We’ve always viewed photo organization as consisting of two big, relatively independent areas:

Automatic discovery of stories - discovery of relevant stories or sets of photos for users, and;
Automatic photo selection - direct curation process for a given set of photos, either selected automatically or by a manual flow.

Stories are composed by groups of photos and can be shown with very different organizations. We’ve been always in favor of organizing stories chronologically in a story perspective to represent a timeline of users’ camera rolls. Our users have validated this approach, with nearly 40% of the stories played in Storyo starting with a click on an automatic story.

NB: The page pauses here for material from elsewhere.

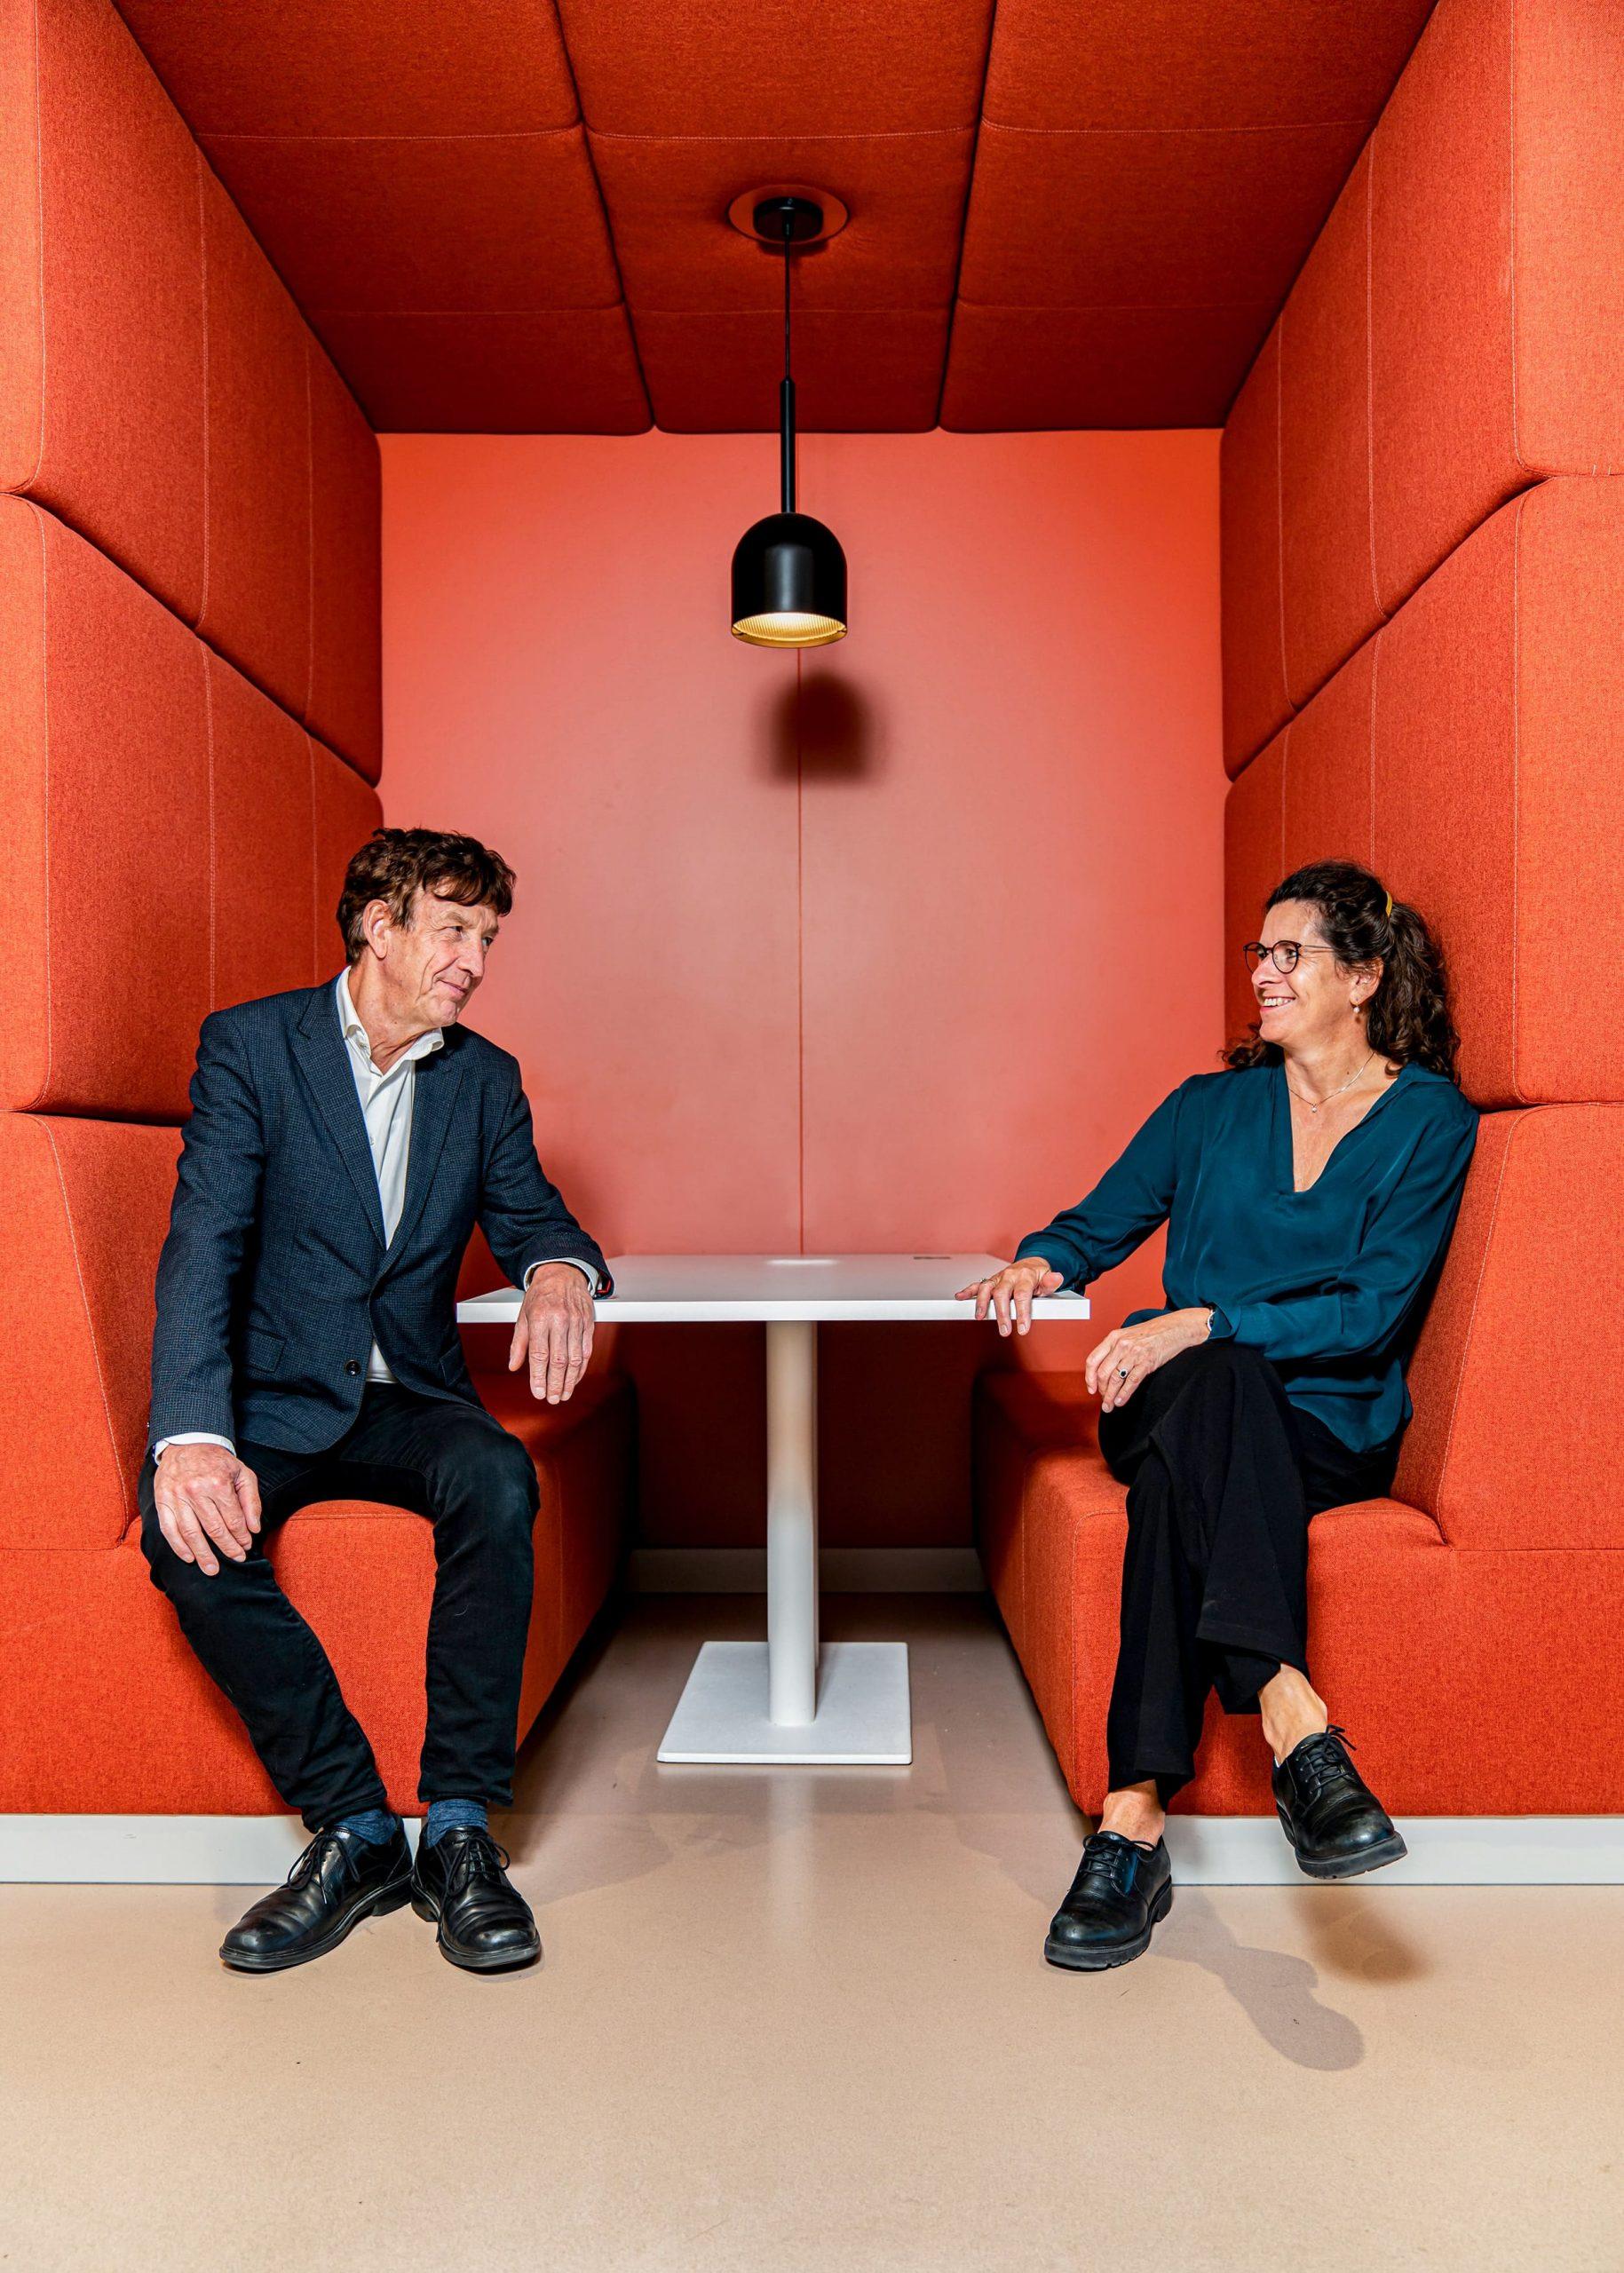 Portret van Ries Breek en Miriam Heemelaar projectmanagers bij de Gemeente Amsterdam. Fotoshoot in opdracht van woningcorporatie De key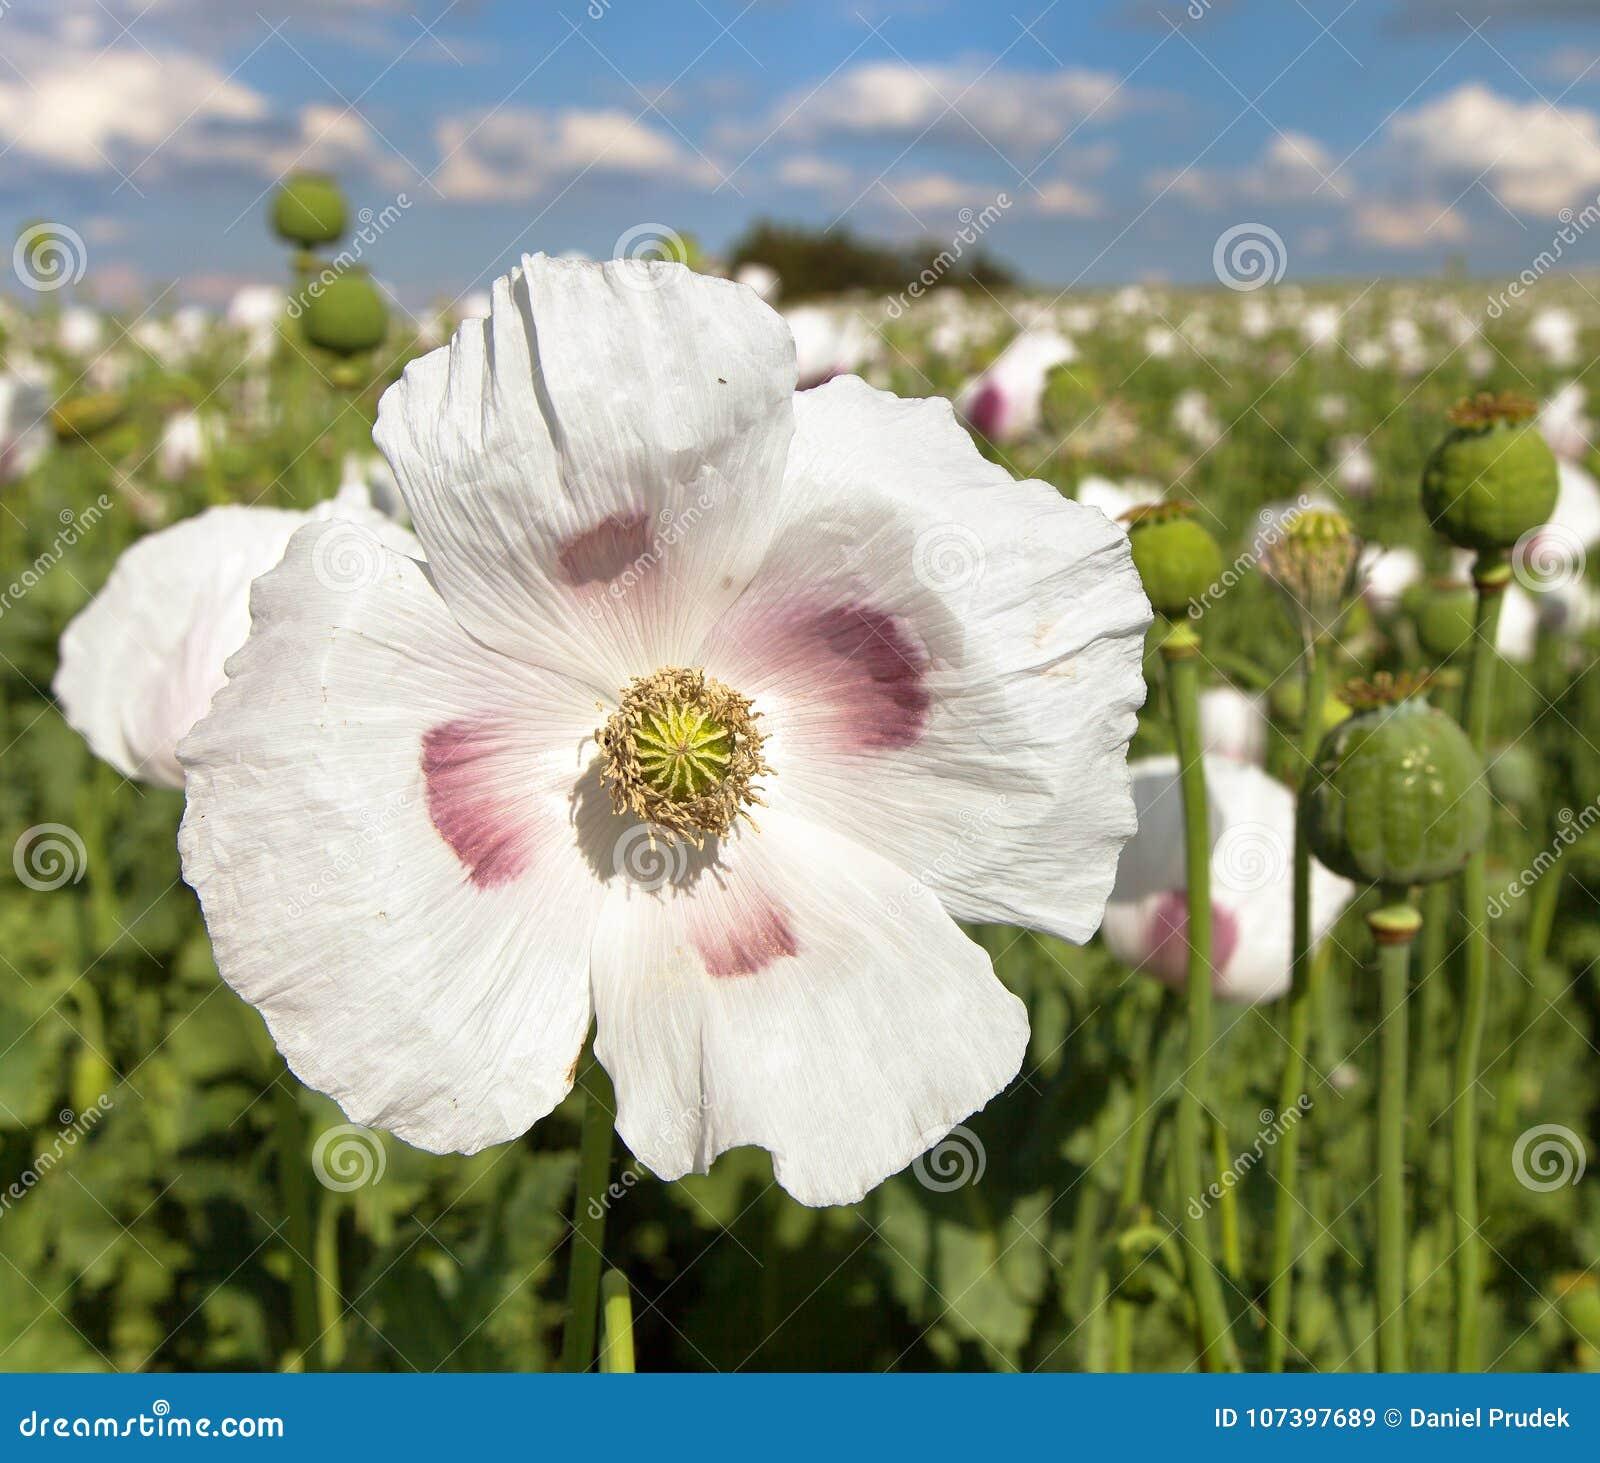 Detail Of Flowering Opium Poppy Poppy Field Stock Image Image Of

Next, it’s crucial to decide how to select individuals photos from that initial set. For example, a travel story can easily have more than 200 photos, and if one wants to create a short video or a small photo book, one has to decide how to select a set of photos for the degrees of freedom available—like a 25 second video or a 25 page photo book.

Should we select the 25 best photos according to computer-vision based criteria, or should we keep the story as relevant as possible by identifying chapters and then select the best photos given a chapter’s context? With Storyo, we strongly believe in the second approach—organizing a story in chapters, and deciding later on which photos are the right ones to be added.

Another key aspect is centered on the option of local versus server-side execution. Deep learning models can occupy a lot of space and require strong computational power. Theoretical knowledge is evolving fast, and all the big players are investing a lot in tools and specialized hardware to run neural networks with unbelievable speed, directly on mobile devices. This is now a reality.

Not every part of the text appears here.